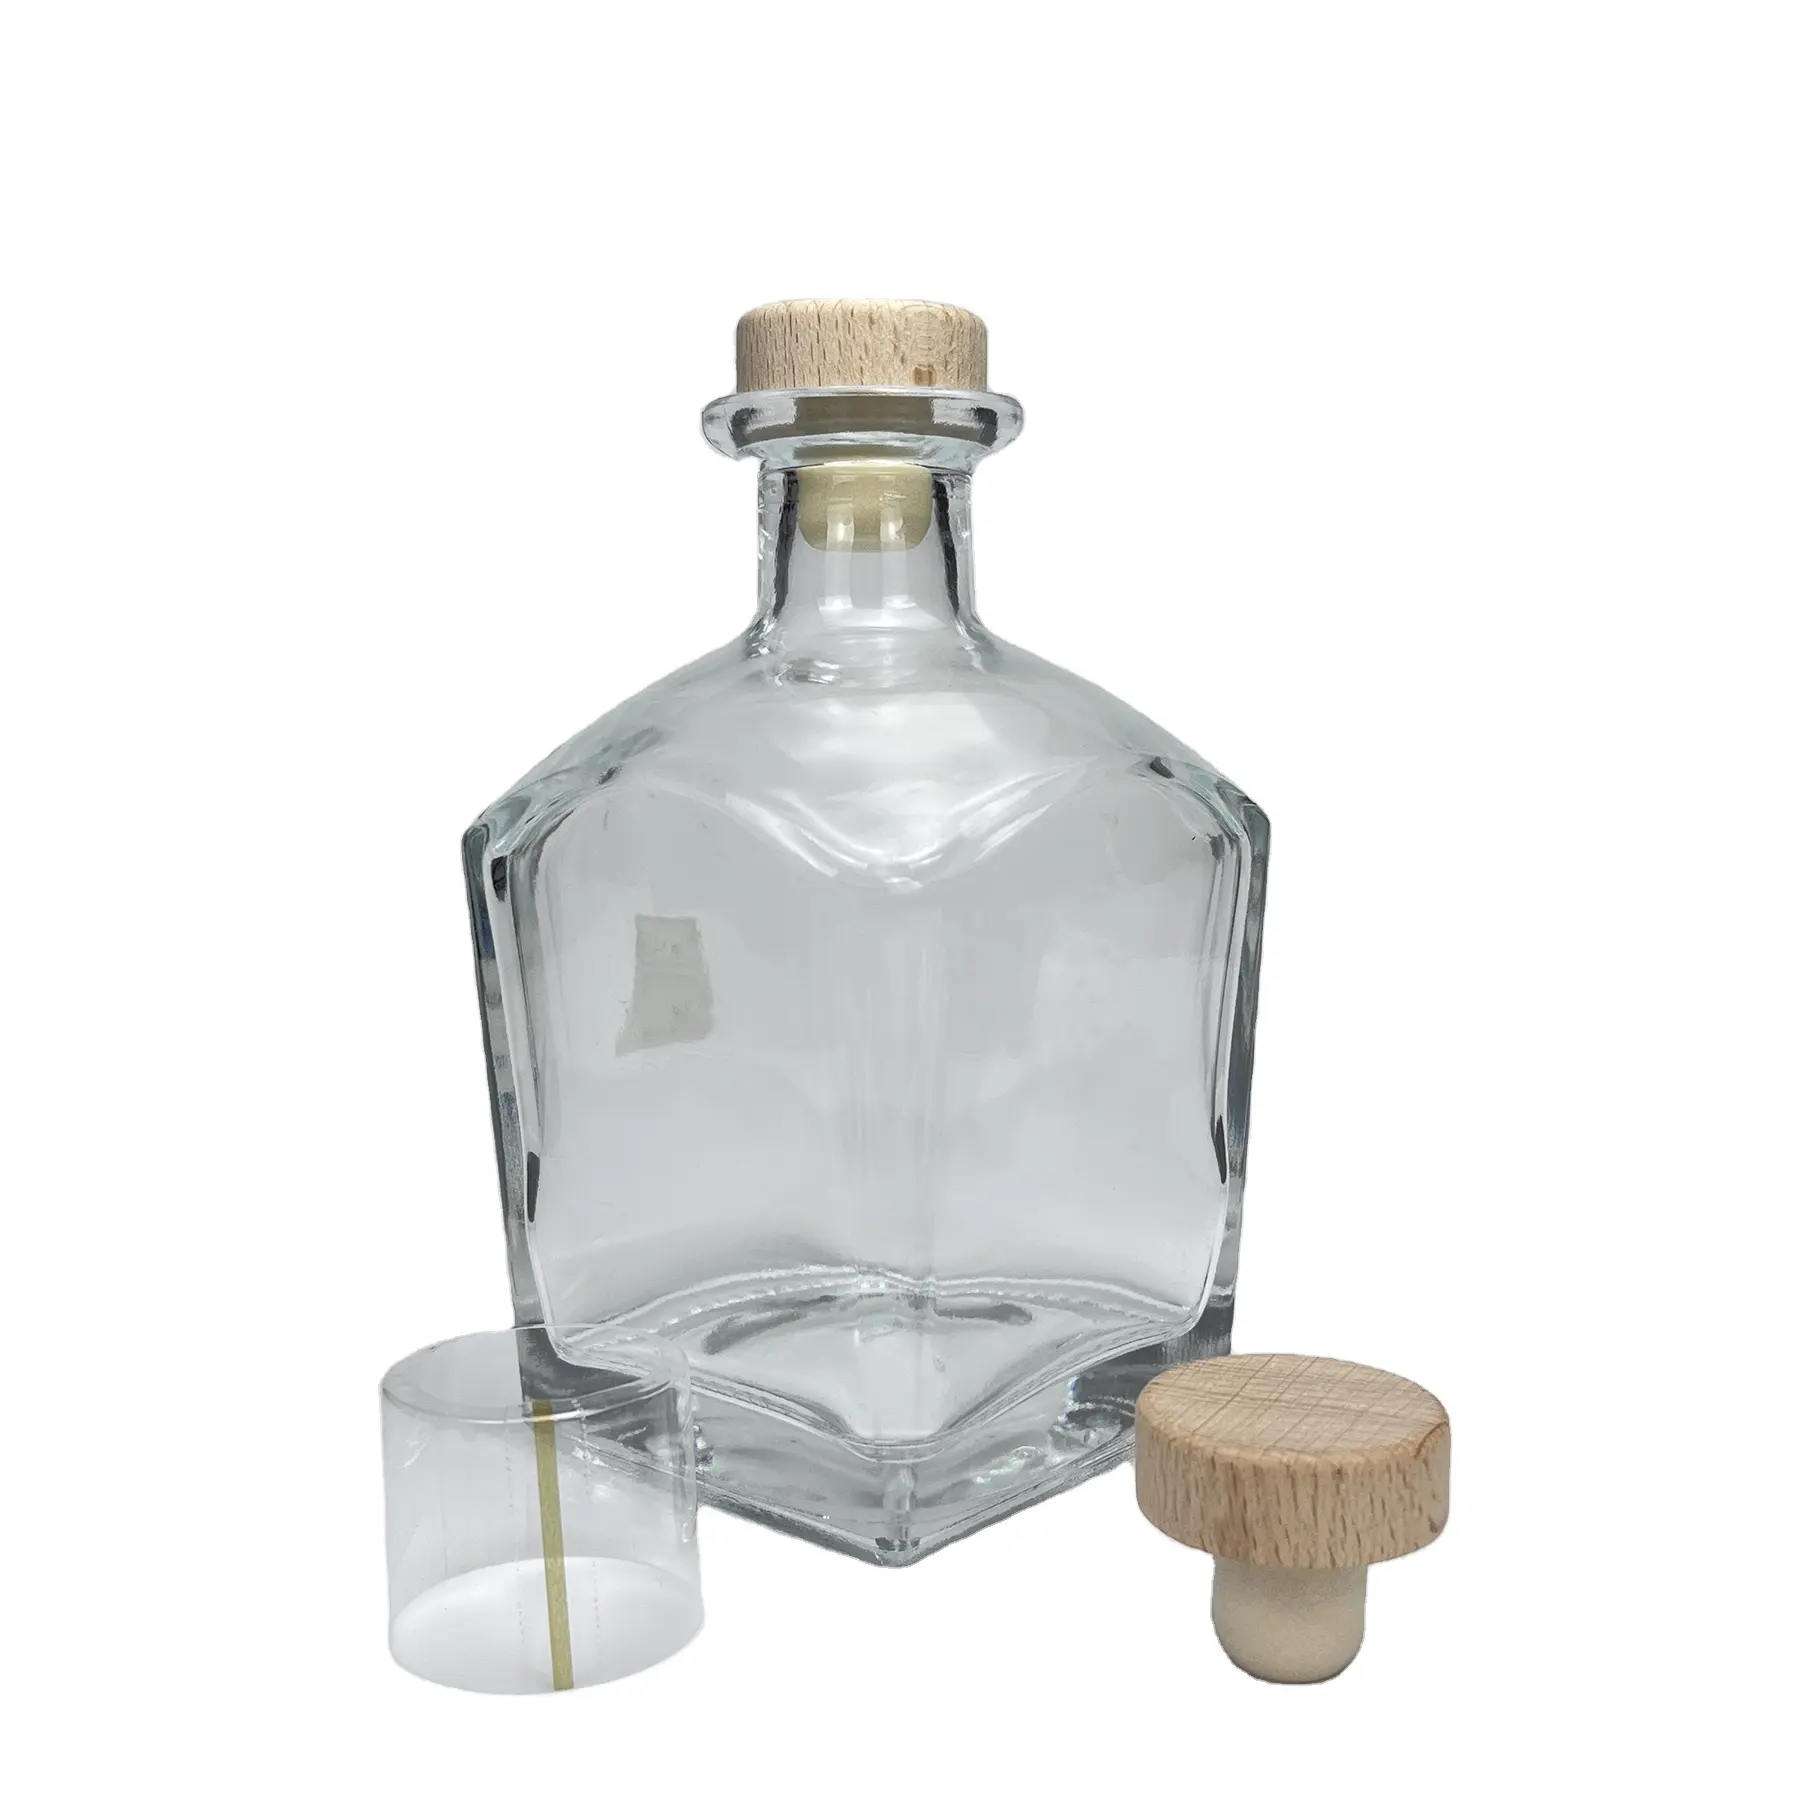 Holesale-botella de vodka transparente, botella de cristal para vino de 750ml, precio más bajo
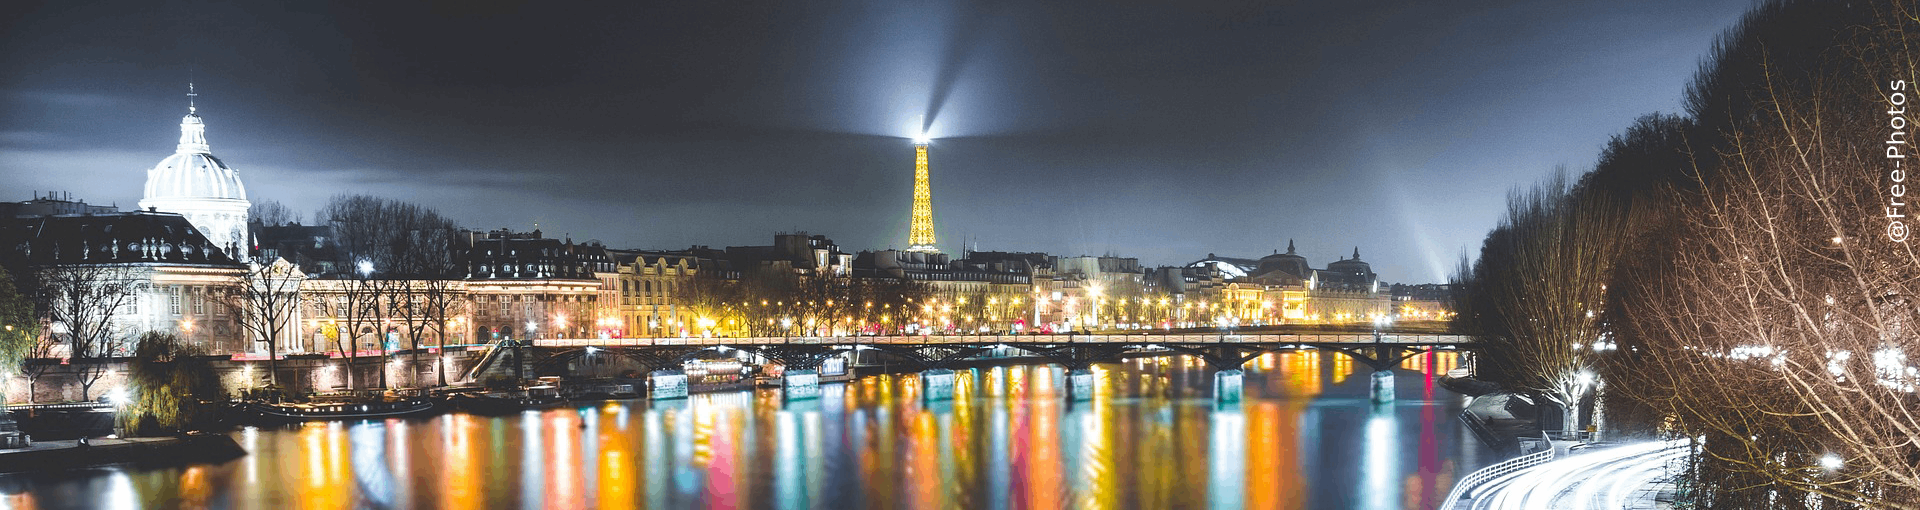 WMNC 2019 - Eiffel
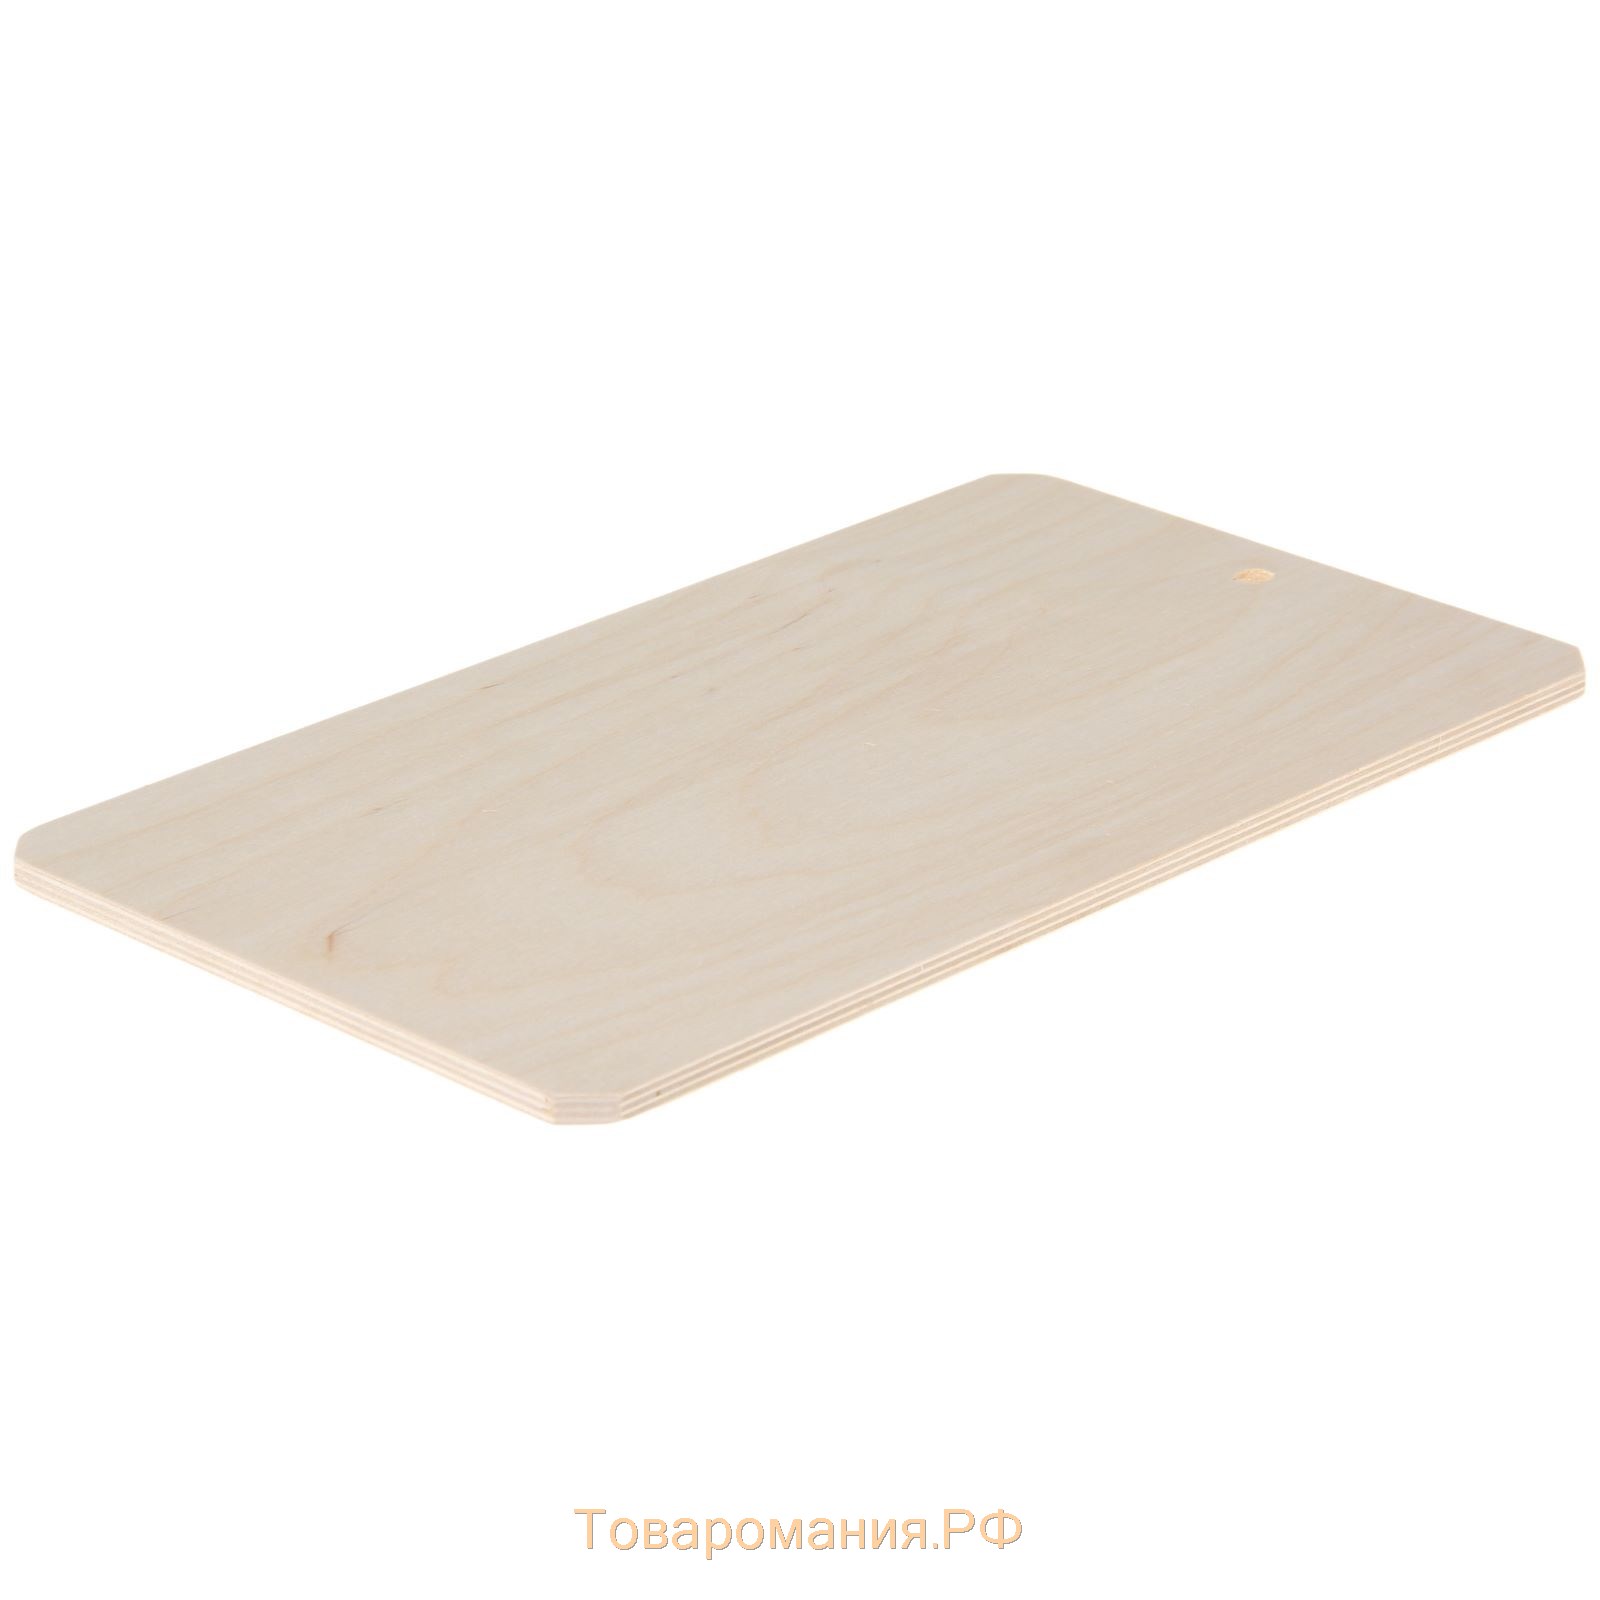 Доска разделочная деревянная, 37,5×21 см
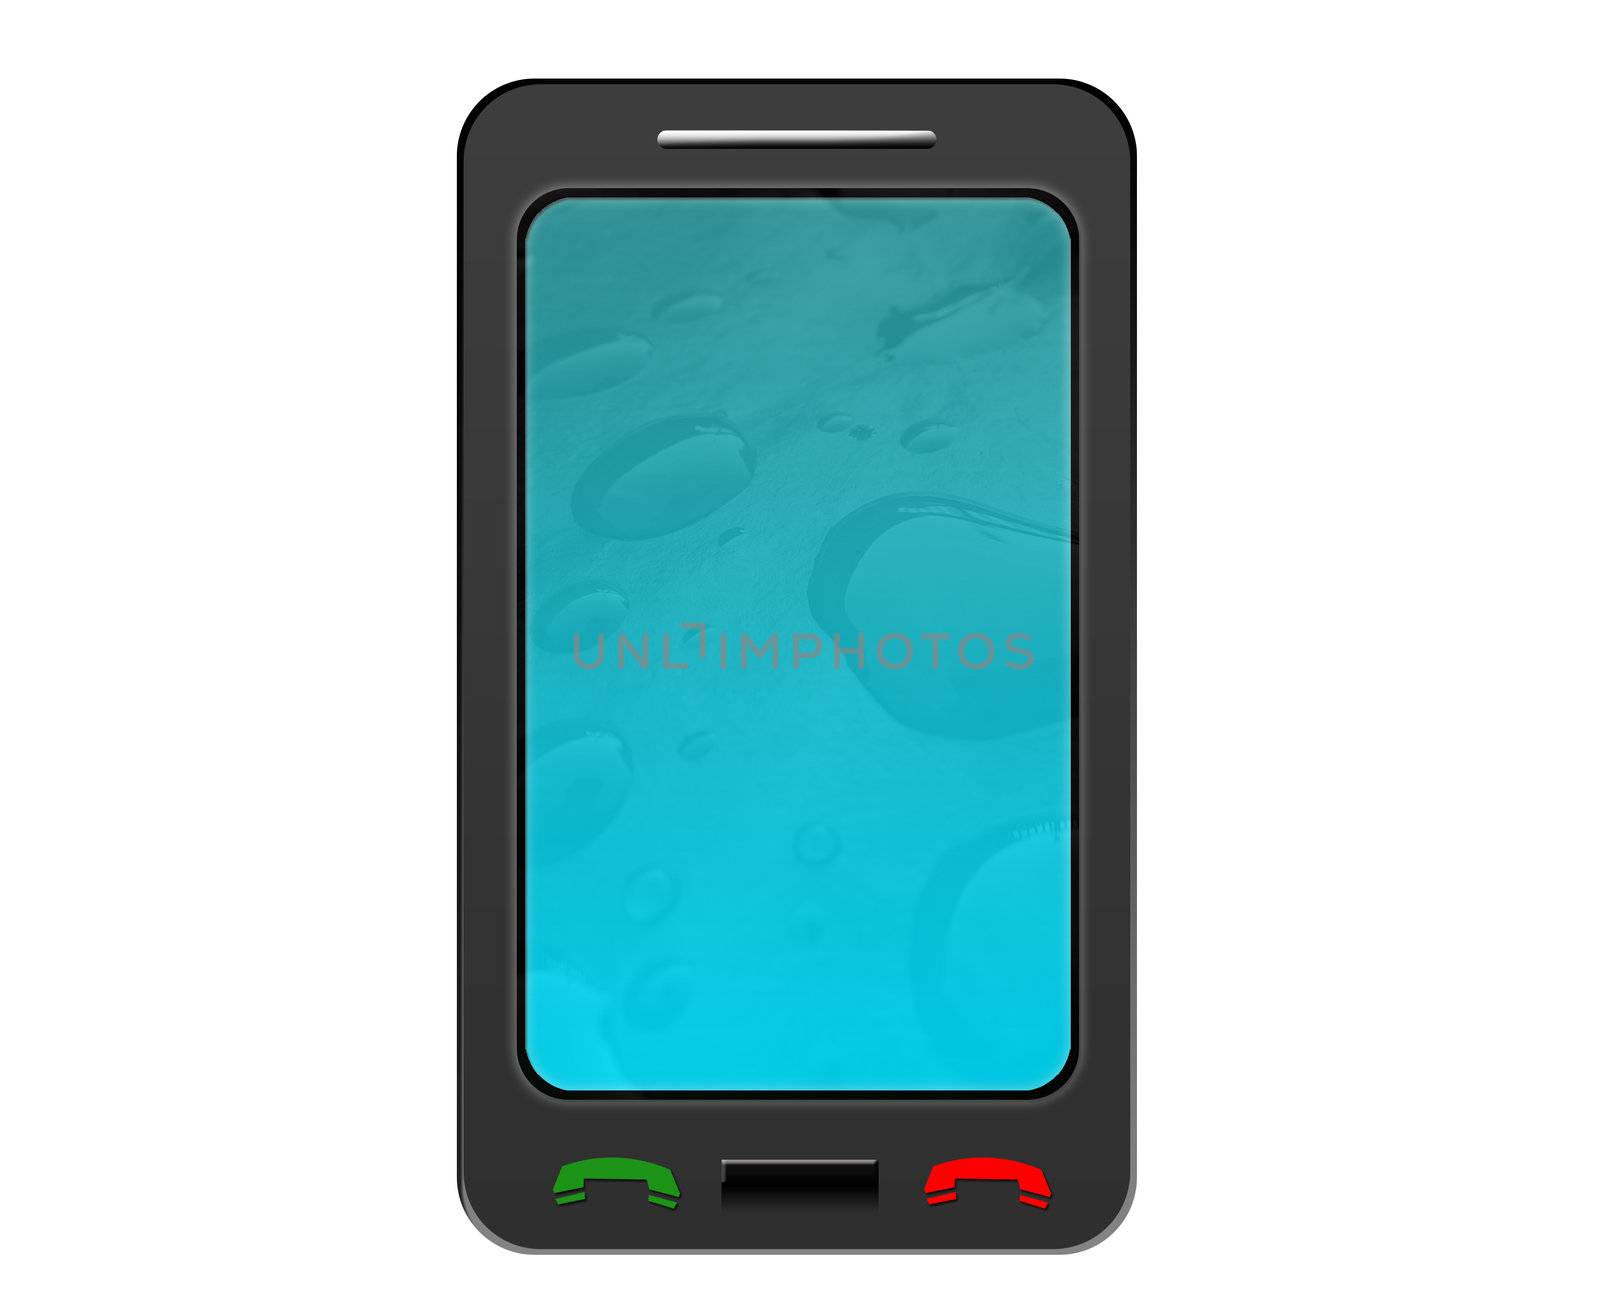 Touchscreen phone by shawlinmohd

···

§ WHAT TO PRODUCE: Every line above should be printed again word for word, without its pictures.

§ YOUR SOLUTION:
 Holesale-botella de vodka transparente, botella de cristal para vino de 750ml, precio más bajo
 WMNC 2019 - Eiffel
 Доска разделочная деревянная, 37,5×21 см
 Touchscreen phone by shawlinmohd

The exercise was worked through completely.